Compared with Chongqing, the earning in the coastal regions was not as attractive as it used to be, said Sun Huiju, manager of a local labor service export agency. Meanwhile, many of these home-returning migrant workers got re-employed locally and did not want to leave their hometown again, Sun said.
Labor resource conflict between the country’s east and west would be natural in the long term as the western regions’ economic development picked up and people’s earnings increased, said Wang Ying, a workforce official in Chongqing.
The backflow of migrant workers to the western regions would help industrial structure adjustment, Wang said.
However, even as the recovery appears to be still weak on the global plane and as inventory reconstitution can only go so far, the Chinese authorities have started addressing the issues of overcapacity we have been talking about on this blog for some times now.
China’s cabinet said it will make efforts to curb overcapacity and investment in the steel and cement industries, among others that may be overheating due to China’s stimulus plan, AP reported, citing state media.
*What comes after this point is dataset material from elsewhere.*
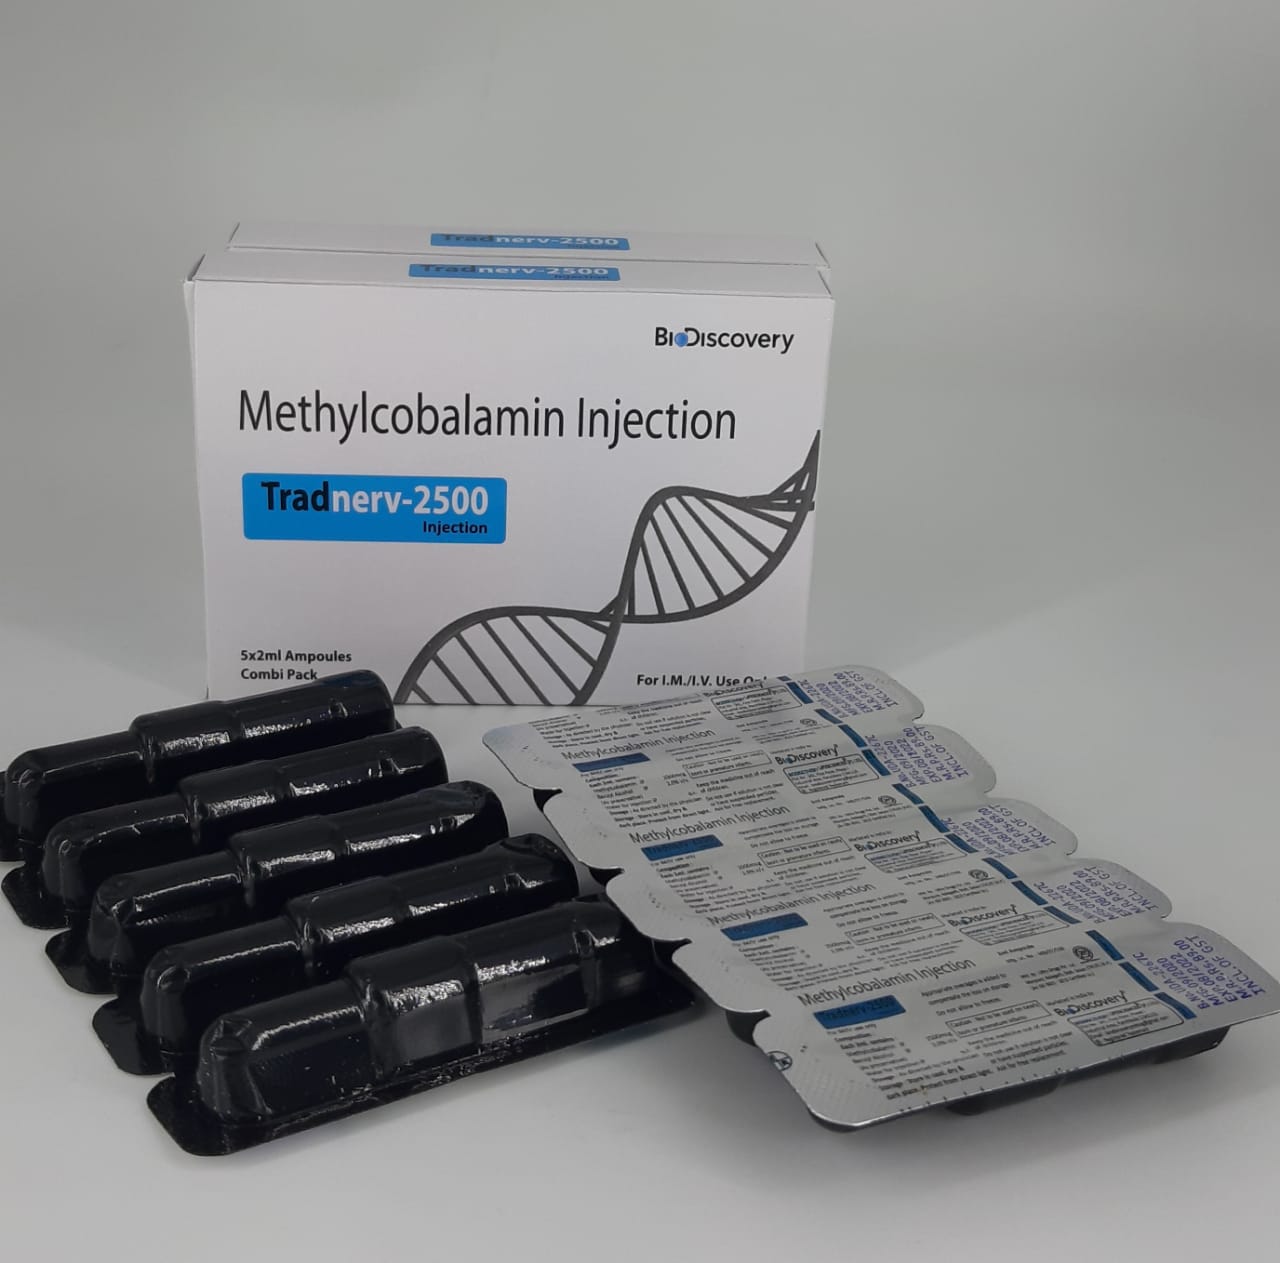 Product Name: Tradnerv 2500, Compositions of Tradnerv 2500 are Methylcobalamin Injection - Biodiscovery Lifesciences Pvt Ltd

Industry regulators will “enhance management†of other industries including flat glass, wind power, polysilicon production and chemicals, the Xinhua New Agency reported, following a cabinet meeting led by Premier Wen Jiabao. The cabinet also said it would take measures to strictly enforce both environmental standards and market access. China’s US$586 billion economic stimulus package has led steel and cement manufacturers to step up production for public works projects, leading some economists and business leaders to warn of excess capacity across industries.